# Georg Schumann



## bwv543 (May 25, 2021)

As a fan of Bruckner who has repeatedly explored most of his major works by now, I've often wondered where to go to find more music like his. If only he had written more! (If only Chopin had written just a few more nocturnes... if only Bach had written some more preludes and fugues... anyway, I digress.)

Today, while browsing for recordings of Robert Schumann's symphonies, I stumbled across this recording of Georg Schumann's 2nd symphony. Out of curiosity, I gave it a whirl - and was immediately hooked! I have not yet found a symphony as Brucknerian in its ethos - from the unison passages, to the gorgeous melodies, string harmonies, and crescendos, to the broad sweep of the symphony as a whole. I don't see from his bio that he had much connection to Bruckner, but I'm starting to wonder if I am missing out on a hidden body of Bruckner-like symphonies from this generation, composers who continued composing in the late Romantic aesthetic instead of jumping on the Schoenberg or Hindemith bandwagons.


----------



## Art Rock (Nov 28, 2009)

Richard Wetz (3 symphonies) is the poster child for Bruckner-like symphonies. I played Georg Schumann's 2nd a few weeks ago, a good work, but it did not trigger Bruckner vibes with me.


----------



## Kreisler jr (Apr 21, 2021)

I have never heard of G. Schumann but the Rott Symphony that is usually promoted as Proto-Mahler is overall mostly Brucknerian (the most or only rather Mahlerian movement of the Rott is the Scherzo).

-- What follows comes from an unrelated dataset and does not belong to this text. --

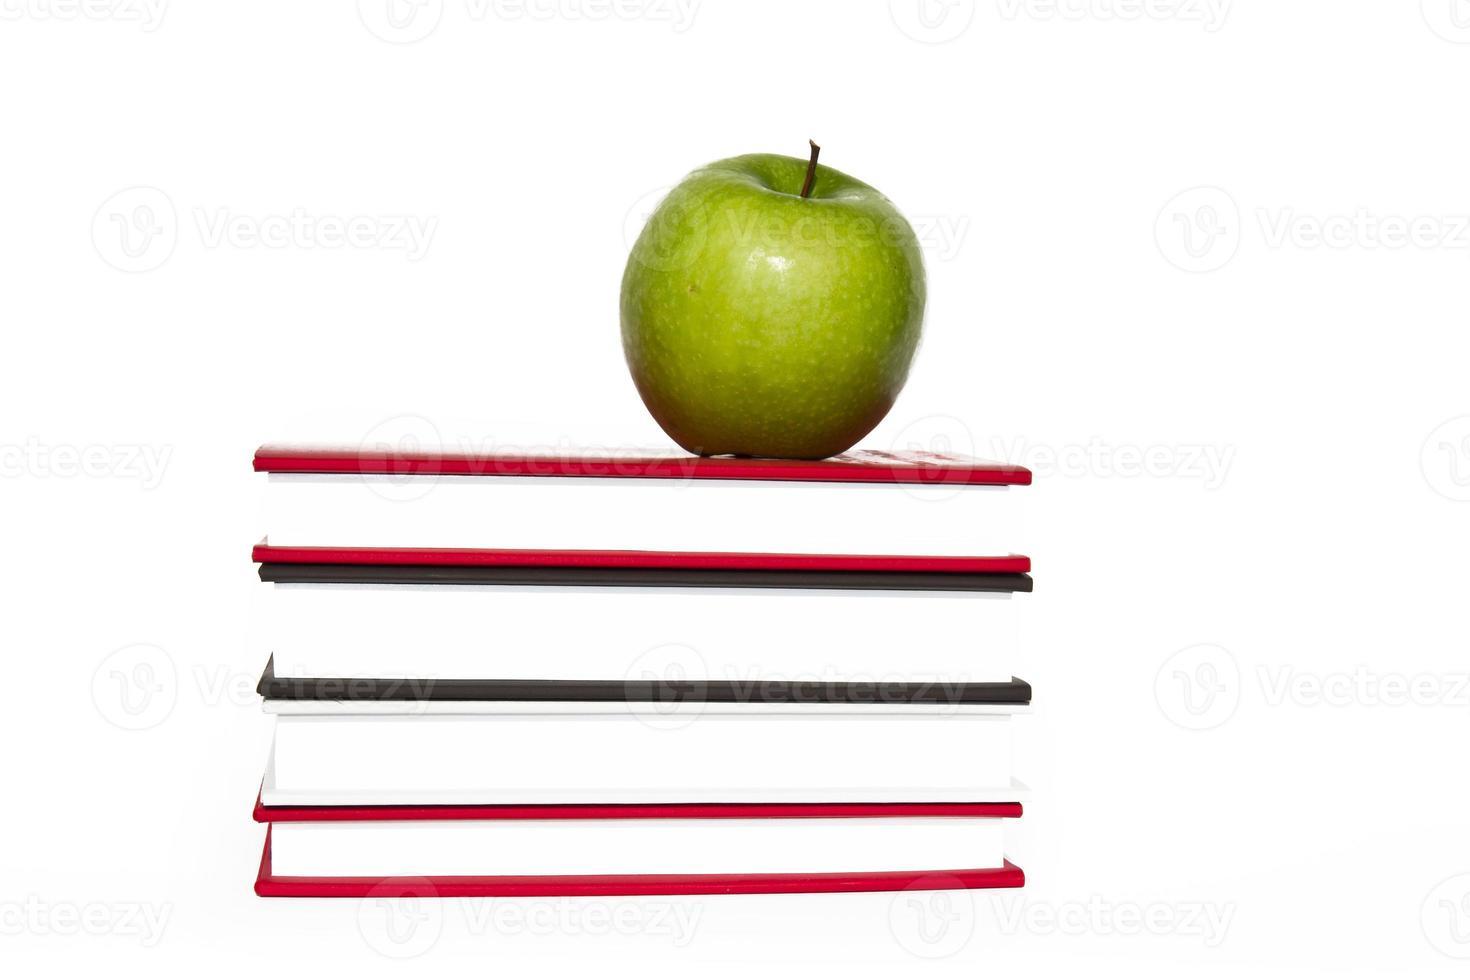 boeken en appel geïsoleerd op een witte achtergrond foto

And you have probably heard it before, but an obvious 20th century Brucknerian symphonist was Furtwängler.


----------



## bwv543 (May 25, 2021)

Never heard of Wetz... now I'm curious!

For the G. Schumann, I think the Bruckner vibes are strongest in the first 2 movements... try the 2nd movement again and see if you don't notice it there - even right down to the sextuplet string accompaniment toward the end.


----------



## Art Rock (Nov 28, 2009)

I just listened again to the second movement (for those who want to try, the version I have on CD is also available on YouTube here). I see where you get the resemblance from, it is stronger related to Bruckner than I remembered (particularly around the 27 min mark in the whole symphony). Then again, it was composed in 1905, so one would not expect a really more modern sound (Hindemith was 10). I'll try to listen to the whole symphony again one of these days.


----------



## bwv543 (May 25, 2021)

Art Rock said:


> I just listened again to the second movement (for those who want to try, the version I have on CD is also available on YouTube here). I see where you get the resemblance from, it is stronger related to Bruckner than I remembered (particularly around the 27 min mark in the whole symphony). Then again, it was composed in 1905, so one would not expect a really more modern sound (Hindemith was 10). I'll try to listen to the whole symphony again one of these days.


I'm glad we could swap listens - I got through all but the last 10 minutes of Wetz's 2nd symphony. You're right, now THAT is a Brucknerian symphony, though my initial impression is that the Schumann is a very original work cut from similar cloth while Wetz is deliberately trying to mimic Bruckner (something confirmed by the reading about him I did this afternoon - what an interesting fellow!). All that said, I really enjoyed it; too bad the scores aren't availble on IMSLP.


----------



## Roger Knox (Jul 19, 2017)

In addition to the Bruckner-influenced composers mentioned above, three others can be said to be partly-influenced, their music having some significant differences from Bruckner's: Paul Büttner, Franz Schmidt (No. 1 and No. 2), and Egon Wellesz (in his earliest symphonies, though they are more dissonant). Schmidt's #2 acknowledges Bruckner's Symphony No. 4 ("Romantic," a favorite of mine): it is in the same key of E-Flat Major, its second movement begins with the same horn call as the opening of Bruckner's No. 4, and there are other similarities.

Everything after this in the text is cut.